The architecture of real-time analytics — streaming ingestion with Kafka, stream processing with Flink, real-time OLAP databases (ClickHouse, Apache Druid, Apache Pinot), and the honest assessment of when real-time adds business value versus when near-real-time or batch analytics is the right answer.

Real-time analytics is one of the most over-specced requirements in enterprise data work. Every organisation wants it; few actually need it. The ones that do need it face genuinely hard engineering problems. This guide covers the architecture of real-time analytics systems — and the honest assessment of when they add value versus when near-real-time or batch analytics is the right answer.

The Real-Time Analytics Spectrum

"Real-time" is not binary. The practical spectrum is:

**Batch analytics (hourly to daily latency):** Data is processed on a schedule. Queries run against a snapshot of data from the last batch run. Appropriate for most business reporting — revenue dashboards, cohort analysis, product metrics.

**Near-real-time analytics (minutes latency):** Data is ingested continuously or in short intervals (5–15 minutes) into a cloud warehouse and available for query shortly after. Achievable with streaming ingestion (Kafka + Confluent Cloud or AWS Kinesis) into Snowflake or BigQuery. Most "real-time" requirements are actually near-real-time requirements in disguise.

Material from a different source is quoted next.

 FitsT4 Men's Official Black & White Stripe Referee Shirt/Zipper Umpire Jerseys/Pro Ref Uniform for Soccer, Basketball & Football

**Real-time analytics (seconds to sub-second latency):** Data is available for query within seconds of being generated. Requires a specialised real-time OLAP engine. Appropriate for operational dashboards, fraud detection, live monitoring, and use cases where sub-minute latency changes a business decision.

The most expensive engineering mistake in analytics is building a real-time system for a near-real-time problem.

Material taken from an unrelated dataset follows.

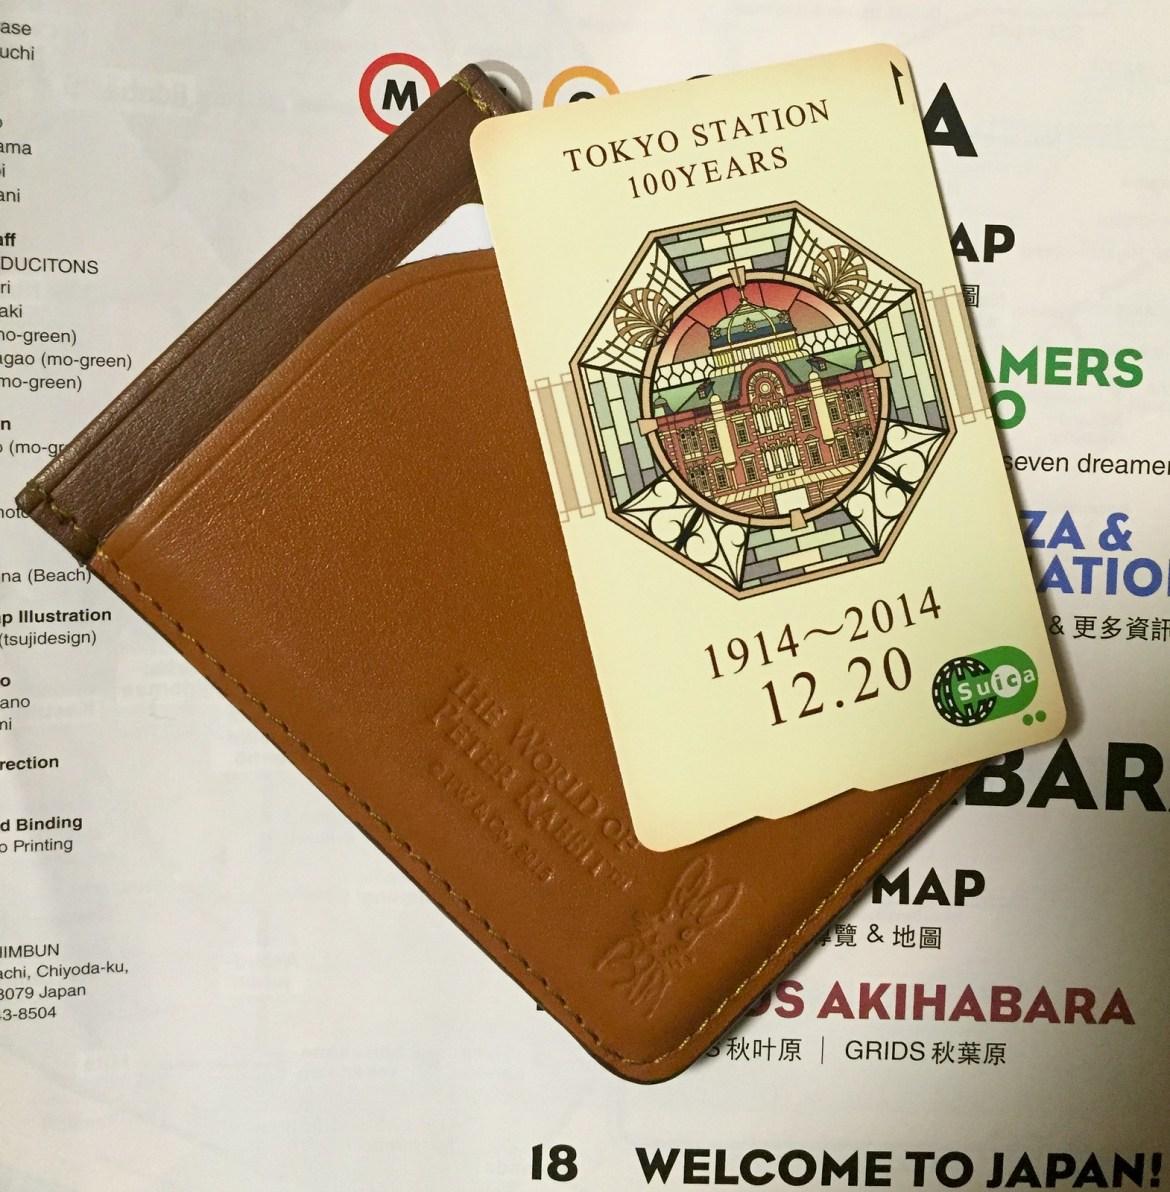 Tokyo Station 100 Year Anniversary Card

Streaming Ingestion: Apache Kafka

Apache Kafka is the dominant event streaming platform. It provides durable, ordered, partitioned event logs with configurable retention. Producers write events to topics; consumers read from topics at their own pace.

For analytics use cases, Kafka serves as the event bus between operational systems and analytics infrastructure:

**Producers:** Application services writing events (user actions, transactions, system events) to Kafka topics. Events are typically JSON or Avro-serialised. Schema Registry (Confluent or AWS Glue Schema Registry) enforces schema compatibility between producers and consumers.

**Topics and partitioning:** A topic is divided into partitions. Events with the same key (e.g., user_id) are written to the same partition, preserving per-key ordering. Partition count determines maximum consumer parallelism — more partitions allow more consumers to read in parallel.

**Consumers:** Analytics consumers reading from Kafka include stream processors (Flink, Kafka Streams), cloud warehouse connectors (Snowflake Kafka Connector, BigQuery Dataflow), and object storage sinks (S3, GCS via Kafka Connect). Consumer groups allow multiple independent consumers to read the same topic at different offsets.

**Retention:** Kafka retains events for a configurable period (commonly 7 days to indefinite). For analytics use cases, a replay-capable retention window is valuable — it allows recovering from downstream failures by replaying from a historical offset.

**Managed Kafka options:** Confluent Cloud, AWS MSK (Managed Streaming for Apache Kafka), and Google Cloud Pub/Sub (not Kafka, but Kafka-compatible API). These eliminate Kafka cluster management — which is genuinely complex — in exchange for higher per-event cost.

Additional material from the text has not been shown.